Wow didn't even know this was a thing...

Do you just do to elbow it the whole arm?

Because that's a lot of effort for a body part people rarely notice... especially in the U.K. where you are covered 70% of the time.

Smotheroffive · 13/03/2019 14:24

I see your argument Adam and raise you the claim that as a direct result of 'normative' hyper-consumerism, men then feel women actually only want them for those reasons, that they are only after the money. Grabby.

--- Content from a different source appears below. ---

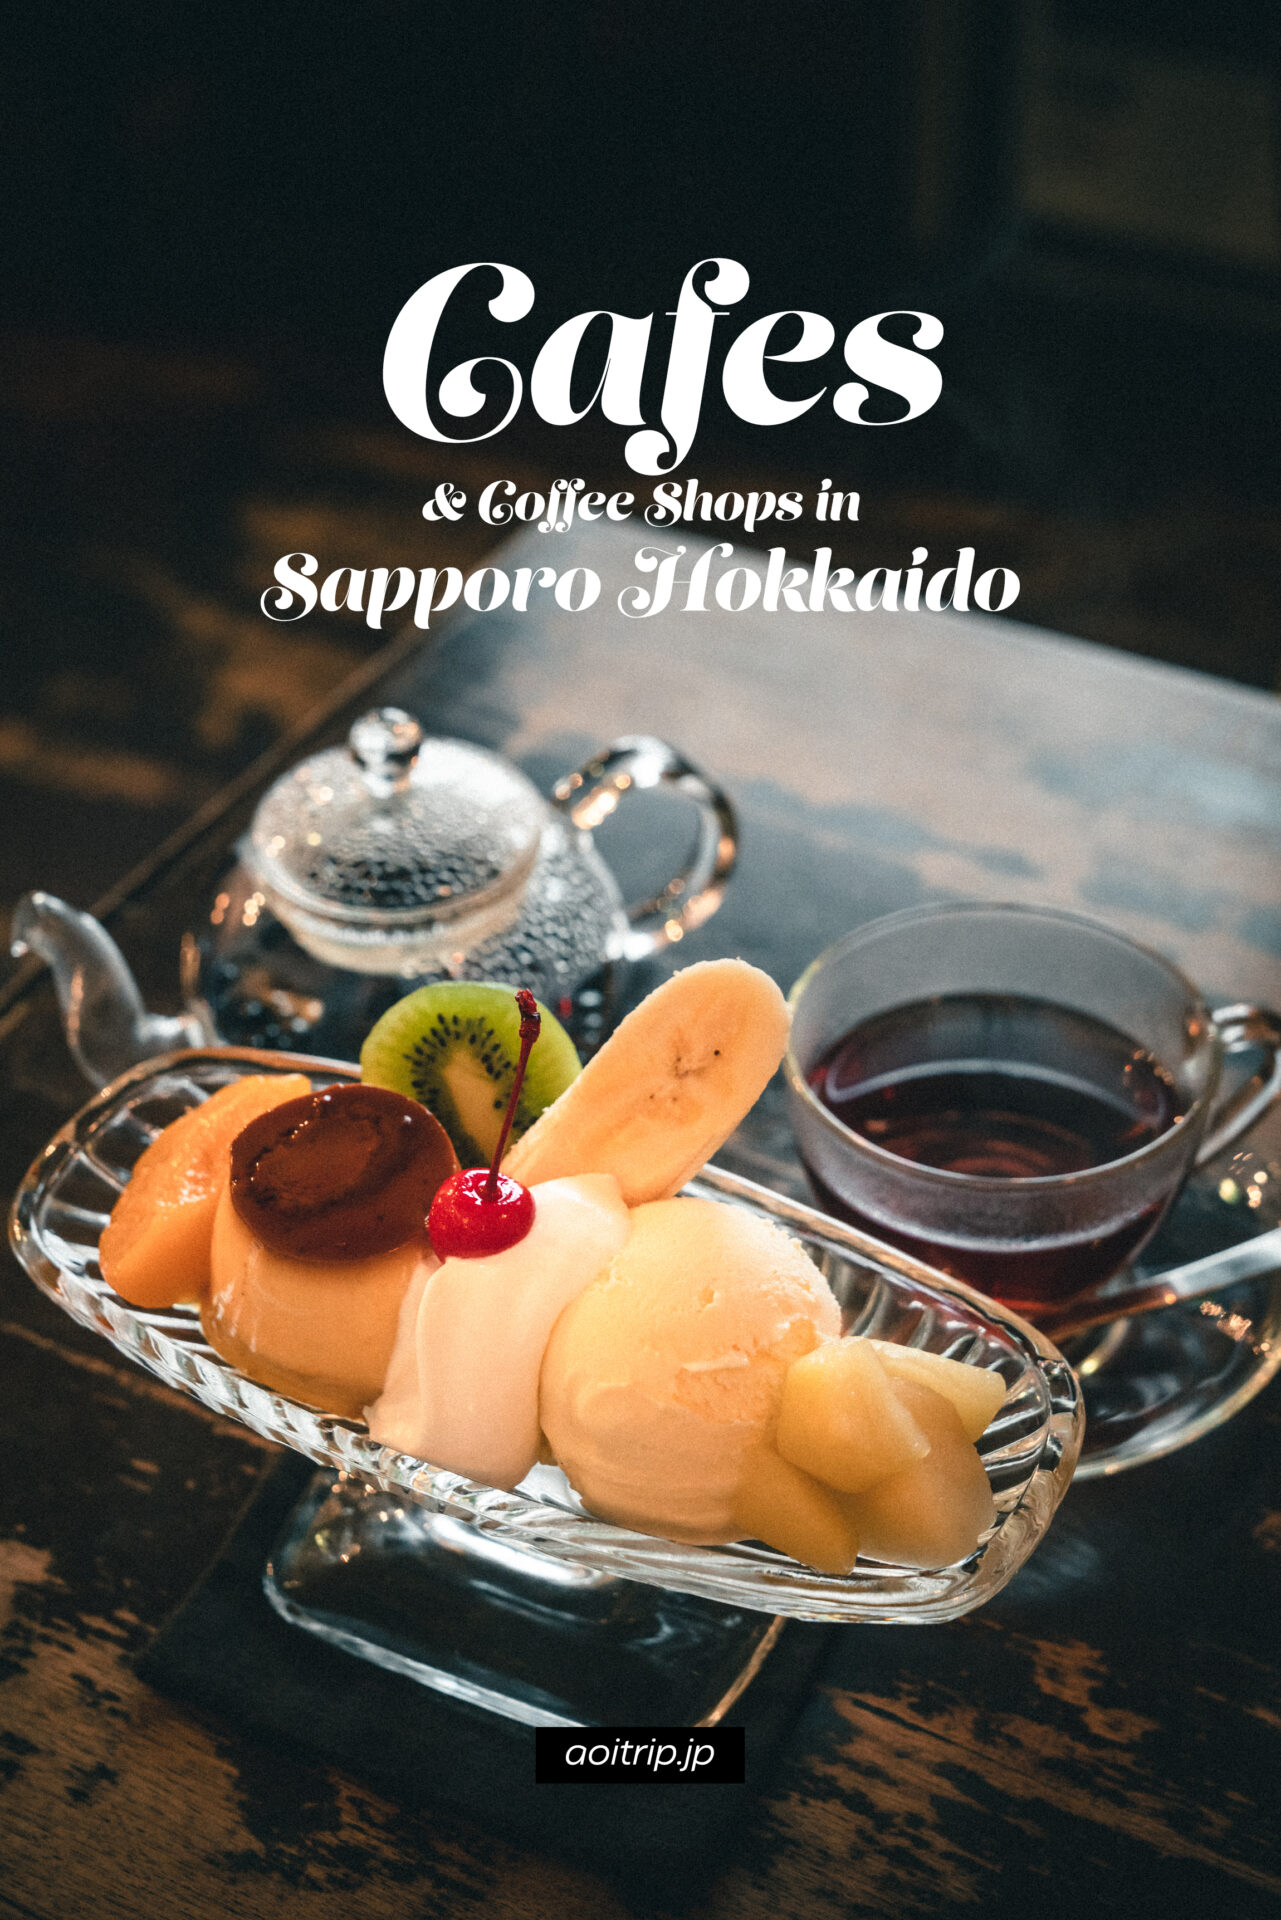 北海道 札幌旅行で訪れたカフェ・喫茶店 Cafes & Coffee Shops in Sapporo, Hokkaido

AdamNichol · 13/03/2019 14:37

men then feel women actually only want them for those reasons, that they are only after the money. Grabby

Not quite that ruthless. More that to stand out in the herd, men require these consumerist trinkets; a sort of 21st century variation of courtship rights - just with less tree uprooting and poo throwing.
I think the underlying assumption is that all else being equal, the wealthier suitor gets the girl (not exactly historically inaccurate; but completely ignoring any concept of the wishes of the woman involved).

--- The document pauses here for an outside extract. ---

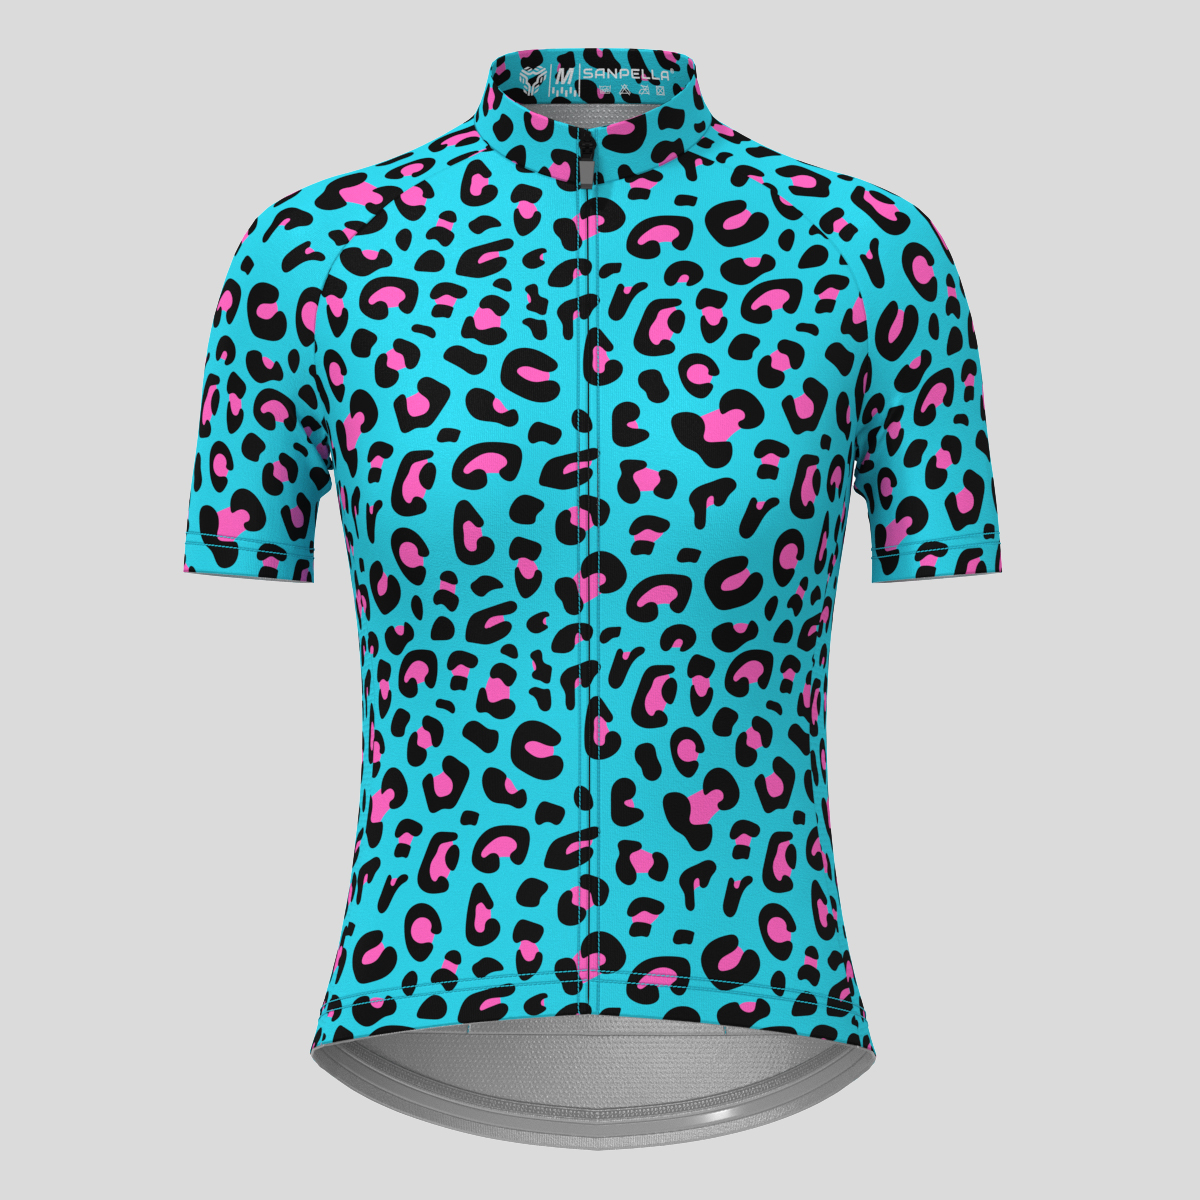 Leopard Print Women's Cycling Jersey - Blue

More mysognisitcally, the same reasoning argues that the 'winning' male purchases his bride along with his trinkets (again, somewhat irrespective of her wishes; though the theory was posit that her desire is for the 'winning' male).

My larger point though is that we are being conditioned en-masse to subscribe to views of beauty and desire that suit the companies that sell the products to move you closer to that standard.

PregnantSea · 13/03/2019 14:40

It's a TV advert made by people who sell razors. Of course they want you to encourage you to shave stuff? It's not an obligation. If you don't want to shave then simply don't. I don't buy Finish dishwasher tablets just because the tv advert says they are the best. Think for yourself folks...

longearedbat · 13/03/2019 14:42

I've shaved my arms since I was a teenager. I have very fair skin yet dark body hair. I started shaving them when someone said my arms looked like man's arms, and you know how sensitive you can be at 16. I really only bother in the summer now, and as I have aged my body hair doesn't seem to grow as strongly. Yes, it can be bristly.
I really wish body hair on women was as ignorable as hair on men. Perhaps one day it will be. I'm not brave or confident enough just to leave it. Daft, isn't it?

Smotheroffive · 13/03/2019 14:44

Not quite that ruthless well, yes, absolutely that ruthless, this is exactly what it leads to, shoring up mysogyny (pop to the courts to hear exactly what men will blame women for, being grabby)

AdamNichol · 13/03/2019 14:45

I really wish body hair on women was as ignorable as hair on men. Perhaps one day it will be. I'm not brave or confident enough just to leave it. Daft, isn't it?

I grew up to believe back hair on men is bad. Chest hair and beards are polarising, and (increasingly) intimate depilation is favoured (back sack 'n' crack). I have no idea what anyone thinks about men's legs.

Smotheroffive · 13/03/2019 14:47

The judgements are implicit in the aggressive advertising.

Look what companies used to claim, ohsoarrogantly, about formula milk, that it was best, that it was superior because of the 'science', same now with pet foods, the ones with the money always know best is the supposition.

AdamNichol · 13/03/2019 14:49

Not quite that ruthless well, yes, absolutely that ruthless, this is exactly what it leads to, shoring up mysogyny (pop to the courts to hear exactly what men will blame women for, being grabby)

Perhaps the inevitable end of the journey for anyone not turned off it; or merely panicked finger pointing by those refusing to take any responsibility for their own actions.
Likely both of those things.

TVandToast · 13/03/2019 14:51

I remember my friends shaving their arms back in the 90's, I never did. But I do know men and women who shave their arms because they have tattoos on their arms so I thought that was a 'thing' people with tattoos did.